An obvious question now is, of course, what is all this good for. In a market system, such as Sweden's, we know that we do not need any central decisions on how much to produce of each individual commodity. The composition of outputs in the economy is, as we are aware, mainly determined by a market process via the firms' supply of commodities and services and the demand for these by households and other firms in various markets for commodities and services. As we shall see, however, the input-output method can be used as a complement to the market process - mainly for forecasting and economic planning. A few examples may illustrate the point.

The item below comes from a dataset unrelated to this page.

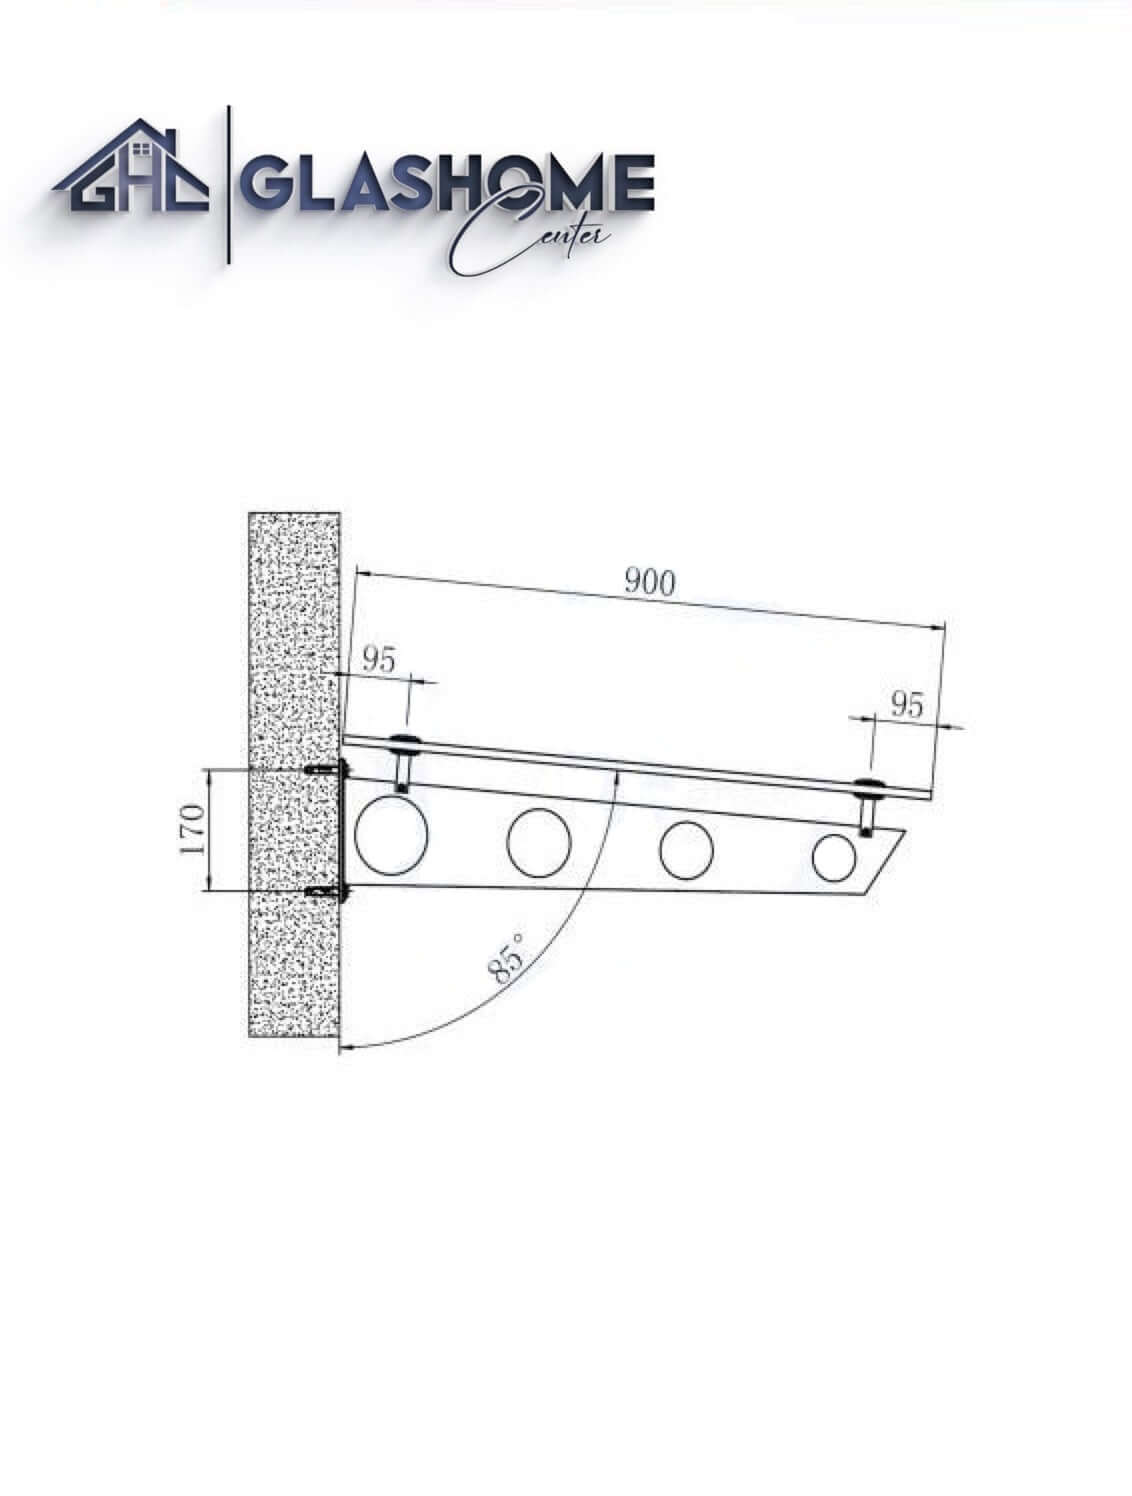 GlasHomeCenter - Glasvordach - Grauglas - 200x90cm - 13.1mm VSG - inkl. 2 schwarze Edelstahlhalterungen Variante "Stockholm"
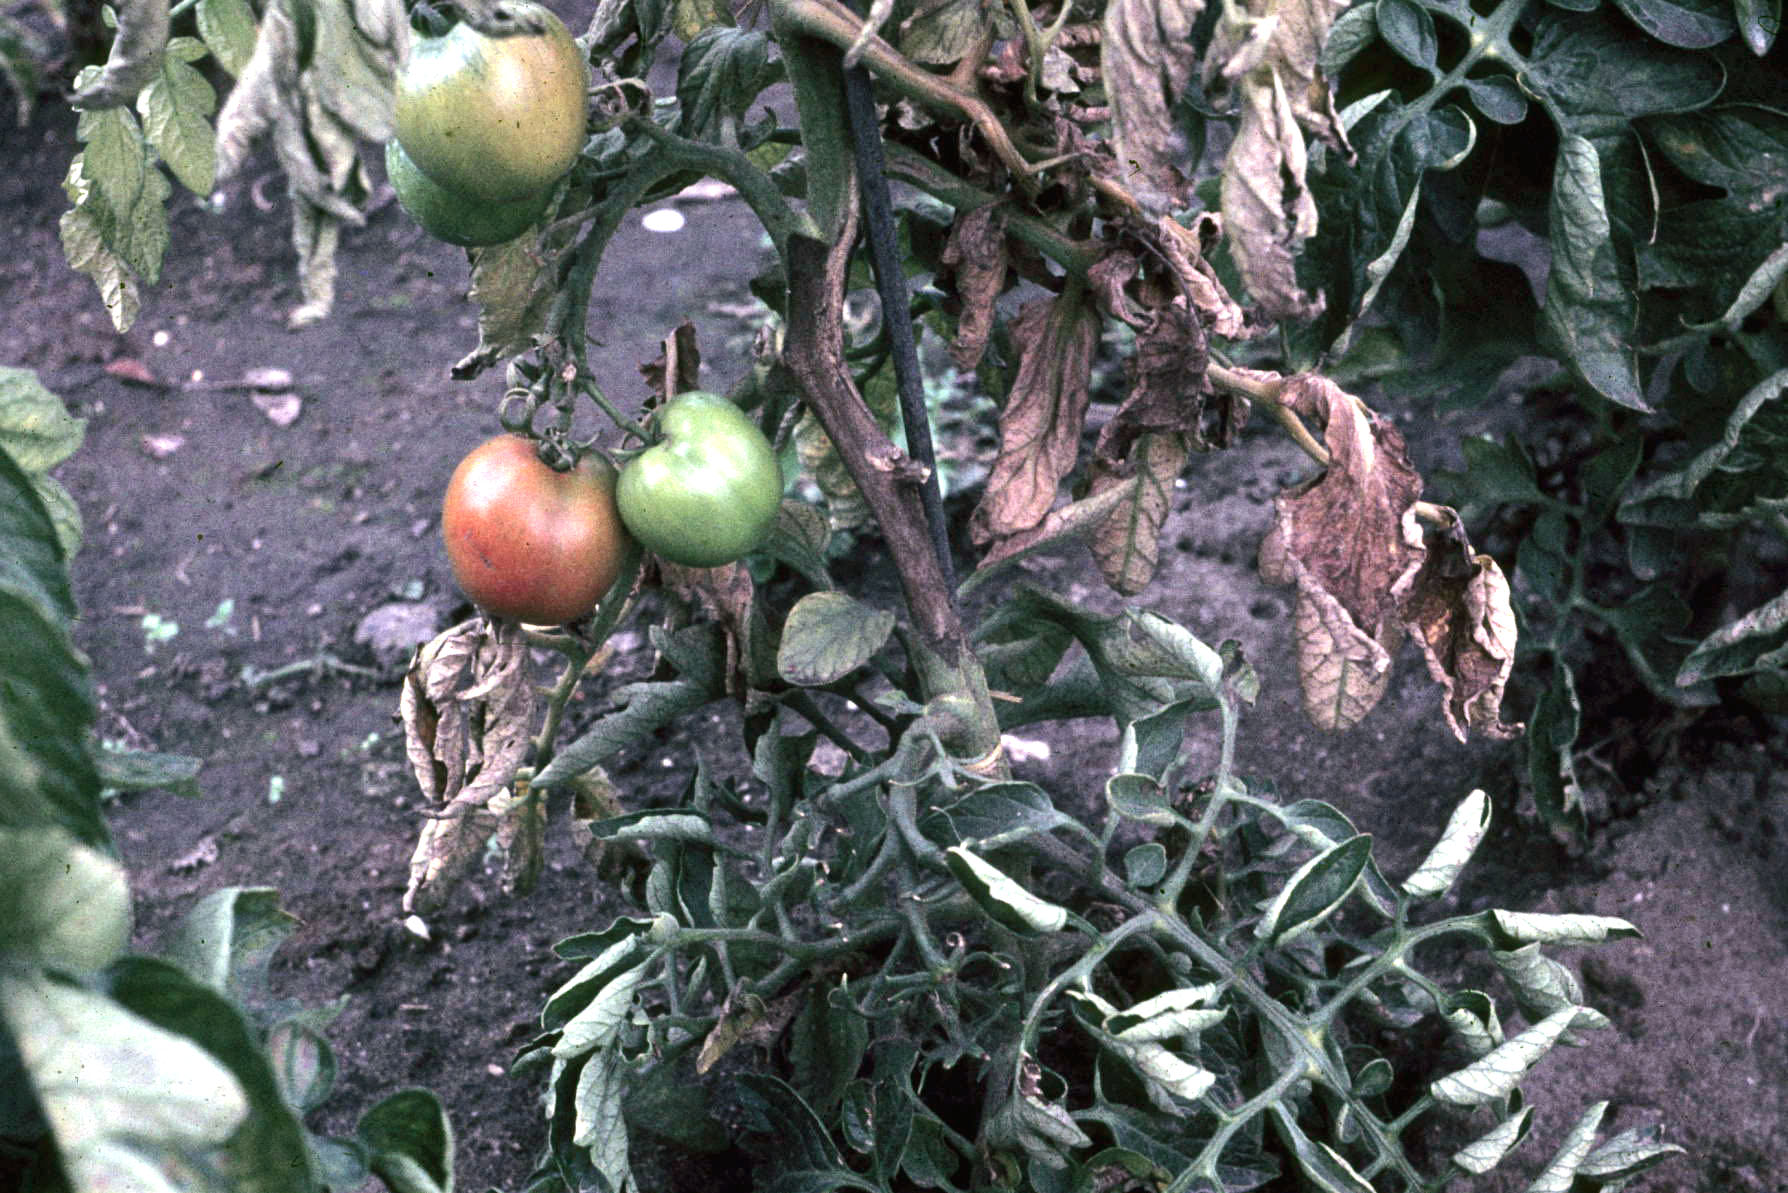 Frucht- und Stängelfäule an Tomatenpflanze mit Früchten

In connection with the disarmament in the United States after the Second World War, and with the rearmament for the Korean War, the input-output method was used to calculate how the disarmament and rearmament, respectively, would influence the production volume and employment level in the various sectors of the American economy, taking into account also the various indirect effects on demand for inputs - not only in the defense industries but also in other enterprises which were, directly or indirectly, delivering commodities and services to the defense industry.

Another example is that the input-output method can be used to study how changes in production costs in one sector are spread to other sectors of the economy - again, in an infinite series of effects. In this way, it is for instance possible to study the effects on the economy as a whole of a change in wages in one sector or, to take a contemporary example, the direct and indirect effects on prices of various commodities and services of a change in oil prices. It has also been found out recently that the input-output method is quite useful for studying the various "residuals" from the production process that disturb the environment in our high-technology societies.

A centrally performed input-output analysis can in this way give information about the consequences for various production sectors of changes in other sectors - such as the consequences for production in various sectors of the economy of increased demand for consumption, investment or export. This is particularly valuable in the case of sudden changes in the economic system. Firms and public authorities will, through the centrally performed input-output studies, get a chance to anticipate future development without having to wait for the market signals which will appear due to changes in supply and demand in the various markets for commodities and services. This menas that the input-output method may occasionally be helpful not only for centrally carried out forecasting and economic planning but also for decision-making on the firm's level.

I now turn to you, Professor Leontief. You have by your input-output model given economic science an important tool of analysis for studying the complicated interdependence within the production system in a modern economy. You have not only constructed the theoretical foundations of the input-output method; you have also by your painstaking work developed the empirical data that are necessary to utilize the method on important economic problems as well as to test empirically various economic theories.

It is a great honor to convey to you the congratulations of The Swedish Royal Academy of Sciences and to ask you to receive from the hand of His Majesty The King the 1973 Prize in Economic Science in Honor of Alfred Nobel.